Data Security Posture Management

• Ensure data discovery exercise across the bank using automated techniques and create data flow diagrams for relevant departments across the bank.
• Ensure maintenance of an accurate inventory of all data assets and management of the entire lifecycle of data, from creation to deletion.
• Develop and implement data masking and anonymization strategies and use of encryption protocol for to encrypt data before transmission.
• Ensure keys are generated using strong random number generators to prevent predictability and implement key rotation policies to periodically change keys and secrets, reducing the impact of compromised keys.
• Designing and implementing a secure architecture for data storage, processing, and transmission.
• Evaluating and recommending security tools and technologies.
• Implementing and maintaining security standards and frameworks (e.g., ISO 27001, NIST Cybersecurity Framework, PDPL, PDPO, PCI).

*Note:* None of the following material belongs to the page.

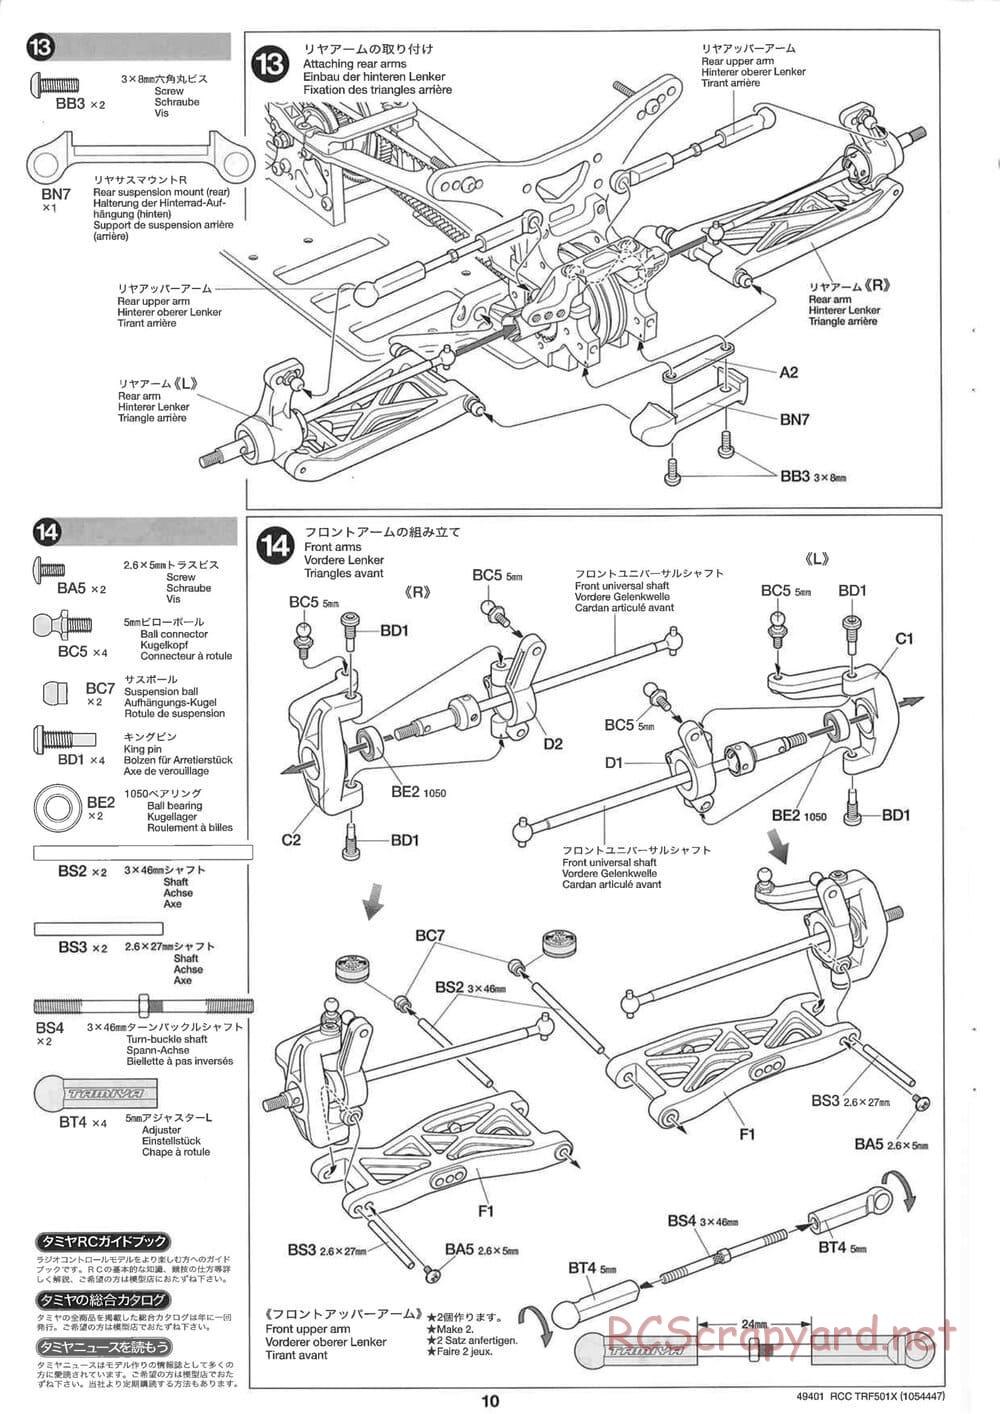 Tamiya - TRF501X Chassis - Manual - Page 10

Database Activity Monitoring

• Manage daily operations of database activity monitoring (DAM) systems, ensuring continuous monitoring and alerting. Regularly review system logs and performance metrics. 
• Track KPIs to measure DAM effectiveness and conduct regular risk assessments of database systems and create mitigation strategies. Track and report on identified risks. 
• Regularly review database logs and reports to identify and address potential security incidents. Implement preventative measures to address recurring issues. 
• Ensure database security configurations adhere to best practices and organizational policies. Conduct regular security audits. 

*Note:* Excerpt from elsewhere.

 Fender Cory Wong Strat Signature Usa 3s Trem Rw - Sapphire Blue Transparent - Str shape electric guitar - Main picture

Other Data Protection Initiatives & Collaboration with other teams

• Drive any other projects related to Data Protection such as Insider Risk Mgmt. enhanced security controls in Backup & Restoration, Data retention & Deletion, Data Discovery & Scans using Privacy Mgmt solution etc
• Provide effective governance of the projects through well-defined KPIs/KRIs 
• Collaborate with other teams in ISG to ensure effective implementation of the projects 
• Collaborate with Data Privacy team in reviews and assessments to cover overall Data protection requirements
• Graduate/ Post Graduate degree in Science/ Engineering/ IT.
• Minimum 2 Professional certifications: CIPPE / CIPM / CIPT / CDPSE, CISA, CISM, PCI-QSA, CISSP, SABSA.
• 12+ years working experience working in a large financial institution/ bank with minimum 4 years’ experience within a compliance, legal, audit and/or risk function, with recent experience in data protection projects/implementation.                                                                                           
• Familiarity with advanced Data Privacy and Protection technologies, risk, threat and vulnerability assessments, and security measures. 
• Strong experience and knowledge across the Data Privacy and Protection domains including governance, policy procedures, compliance management, risk management and Data Breach response etc.

Comprehensive knowledge of Data Privacy and Protection regulatory and compliance requirements across various industries and how they influence the bank's DPP strategy.